Task prompt — Pictures are not part of the copy. Set down exactly the lines from the one containing "catalogo-omix-records-jazz-and-crossover" through the last line of the material below.
[Opening Data shown section]
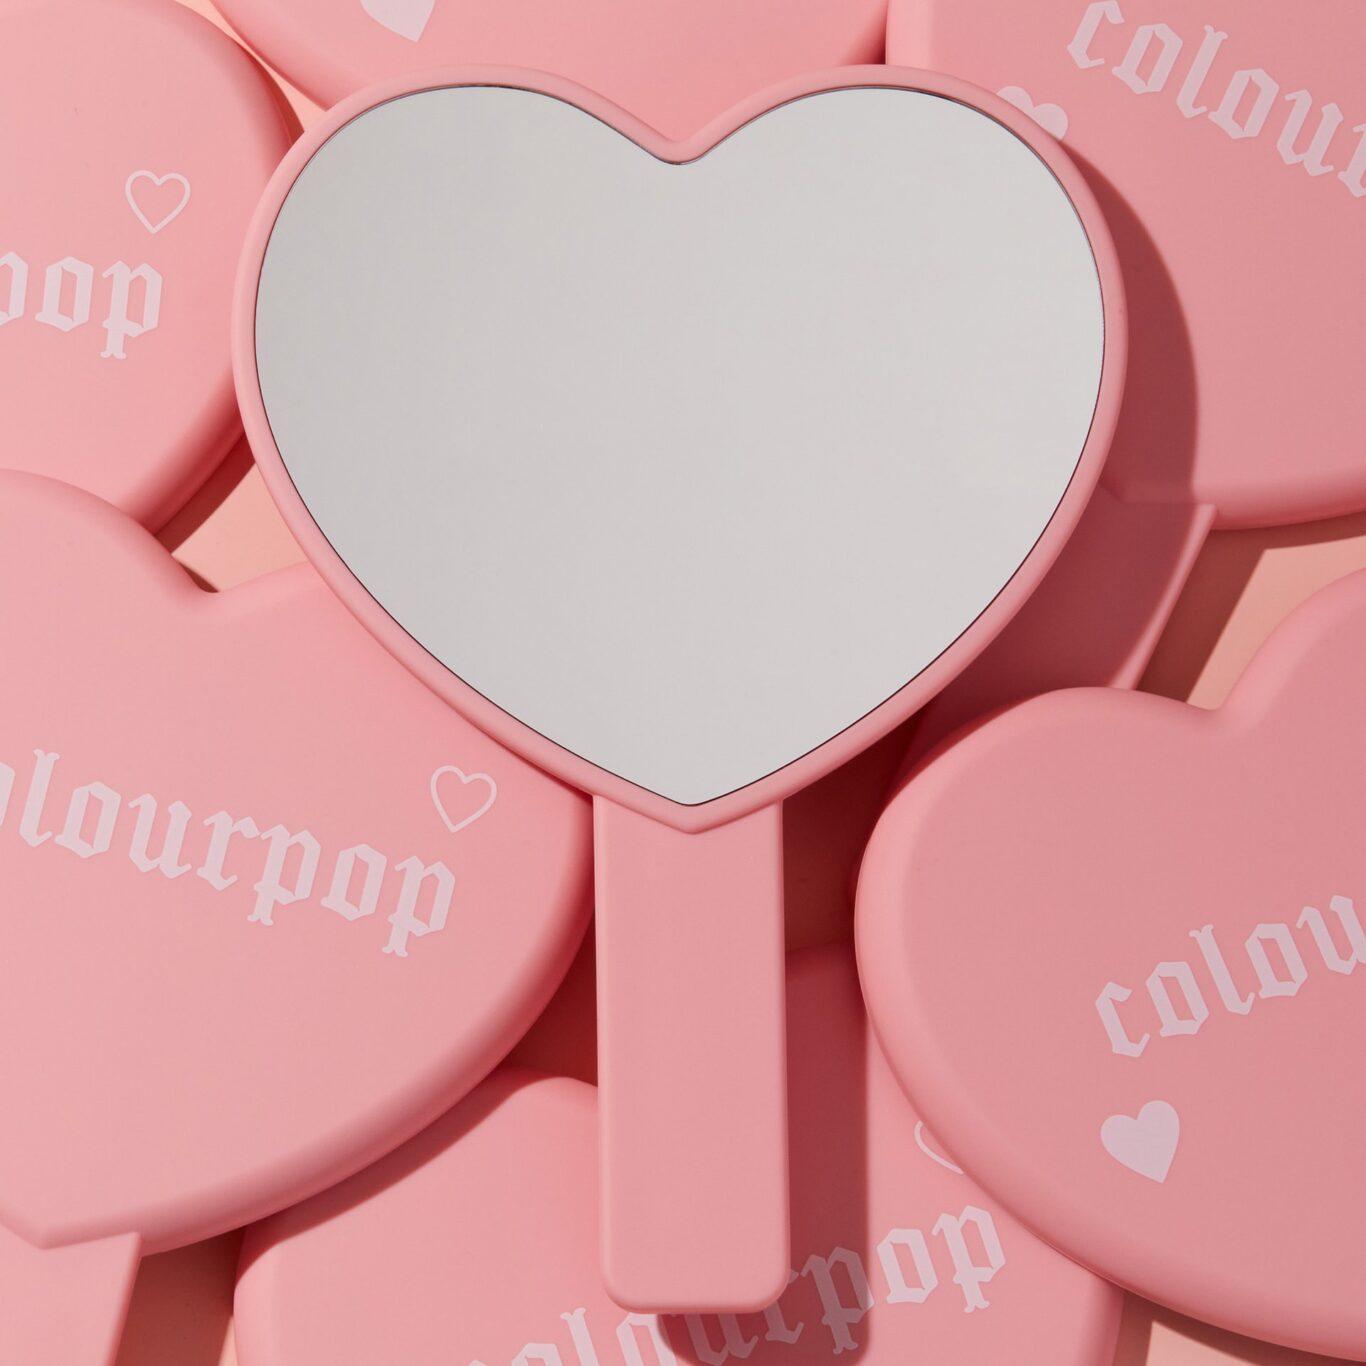 Colourpop Cosmetics Valentine's Day Collection 2021 Heart Mirror
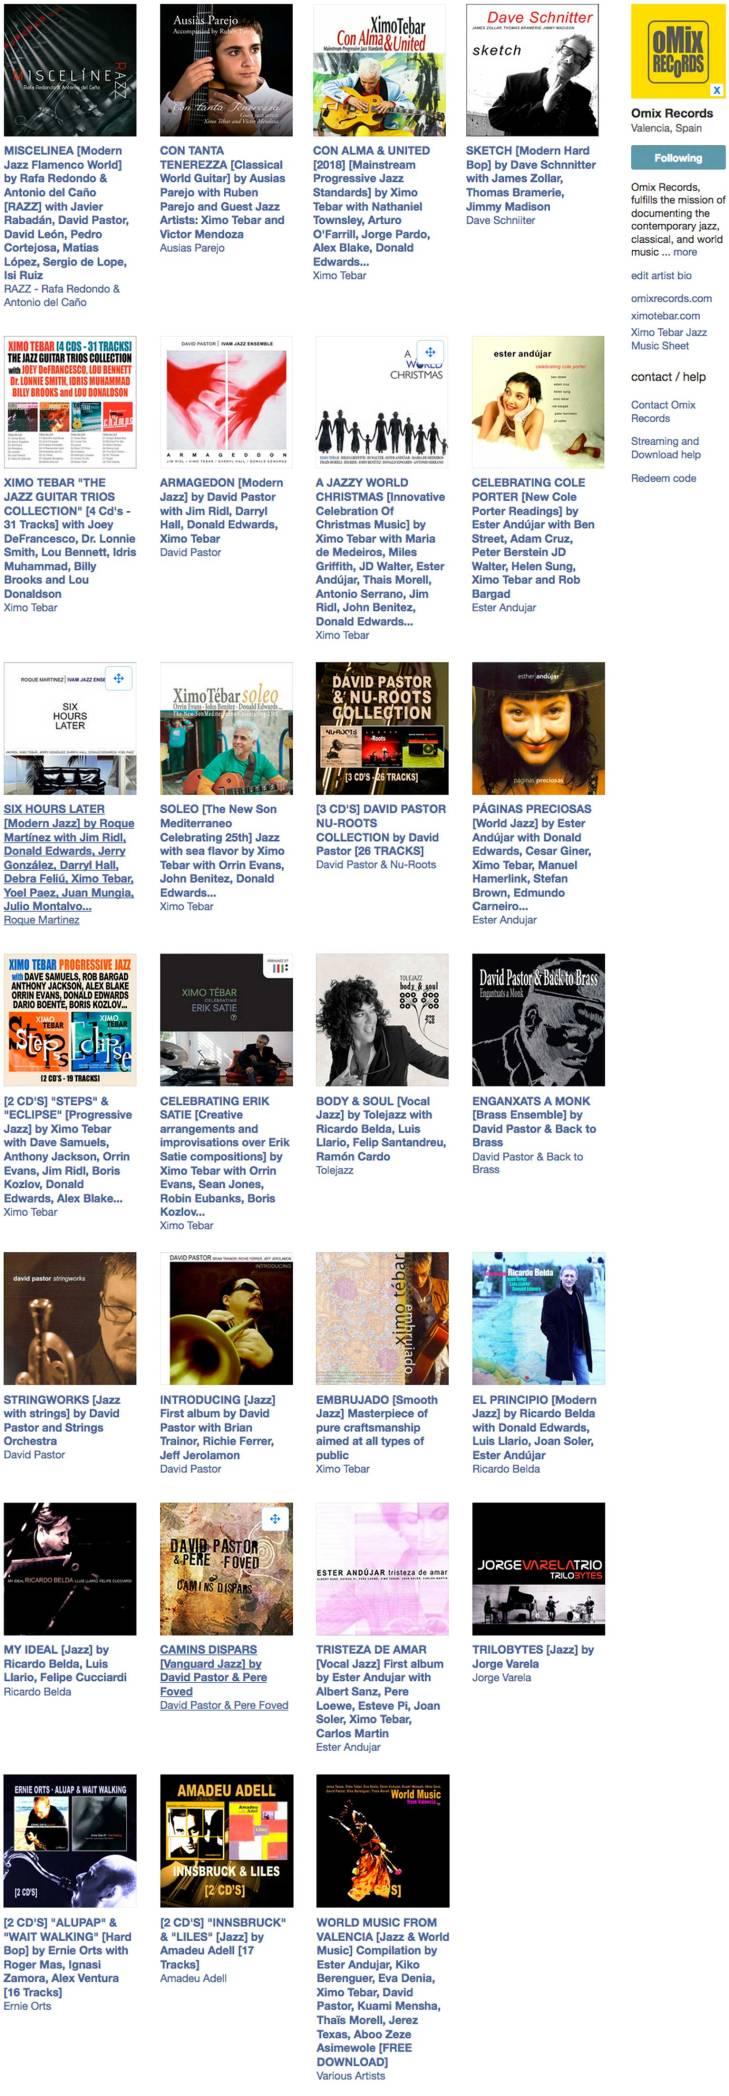 catalogo-omix-records-jazz-and-crossover
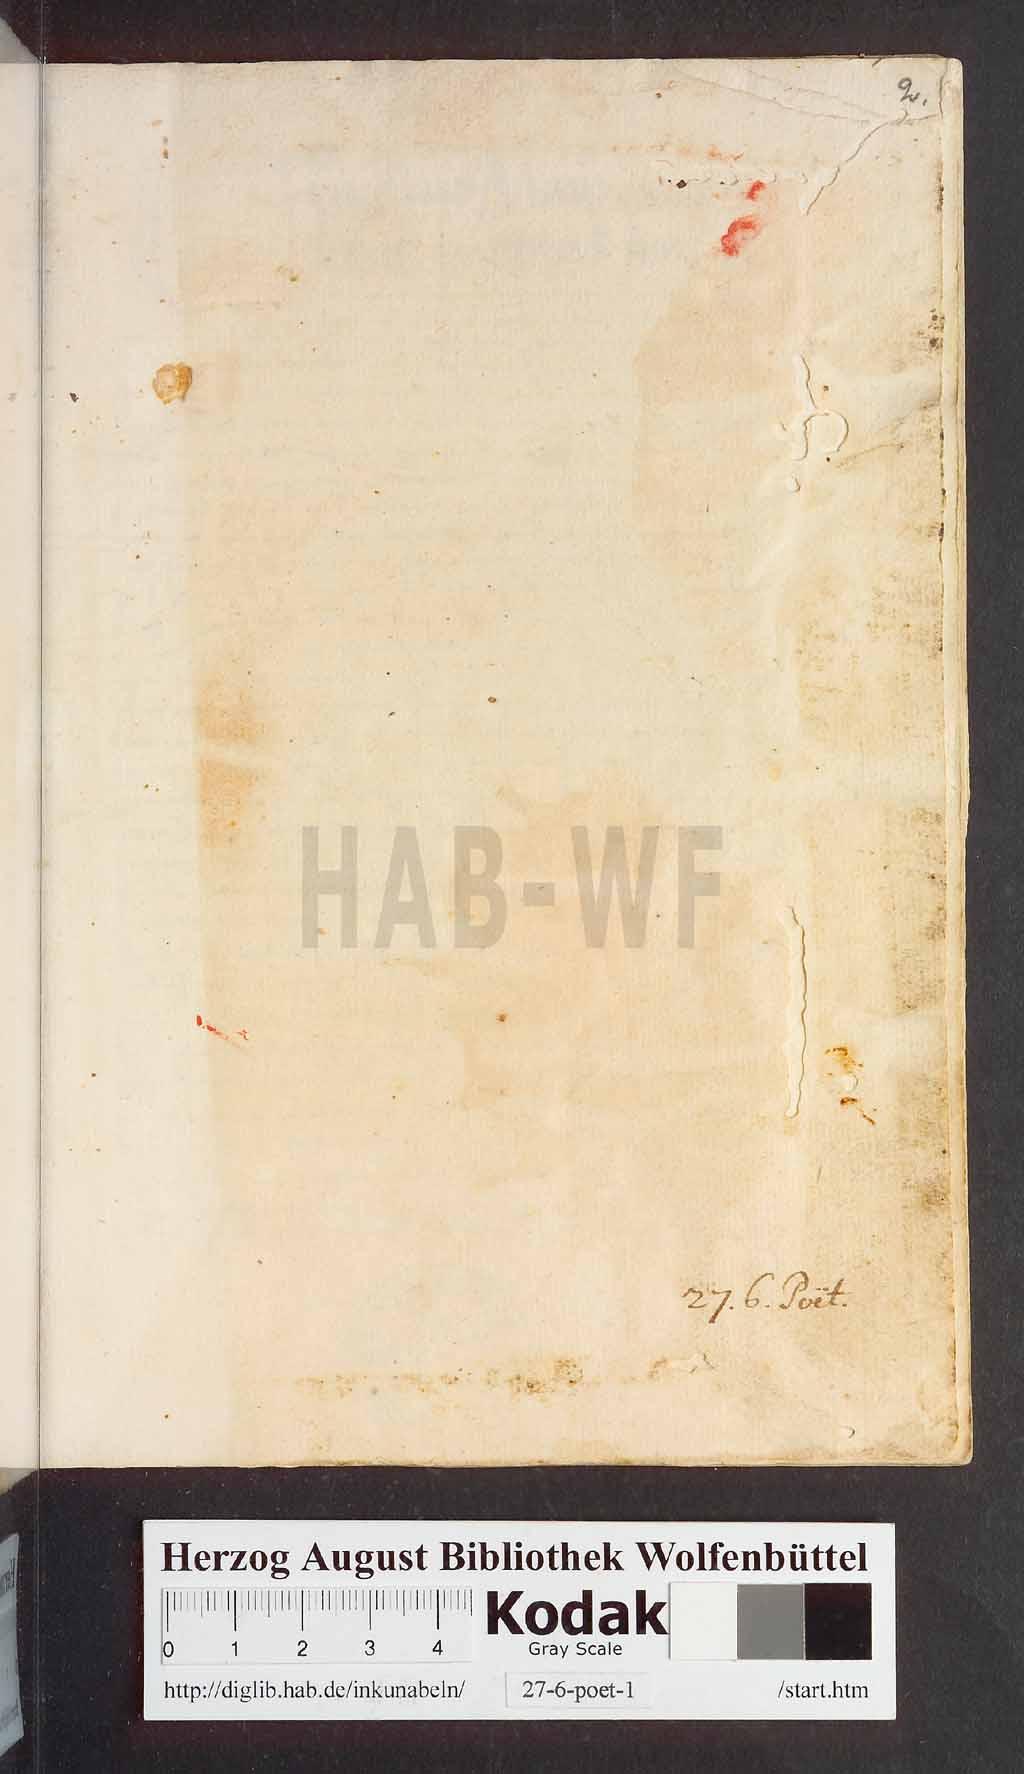 http://diglib.hab.de/mss/27-6-poet-1/00001.jpg
[Closing Data shown section]
Expected answer —
 catalogo-omix-records-jazz-and-crossover
 http://diglib.hab.de/mss/27-6-poet-1/00001.jpg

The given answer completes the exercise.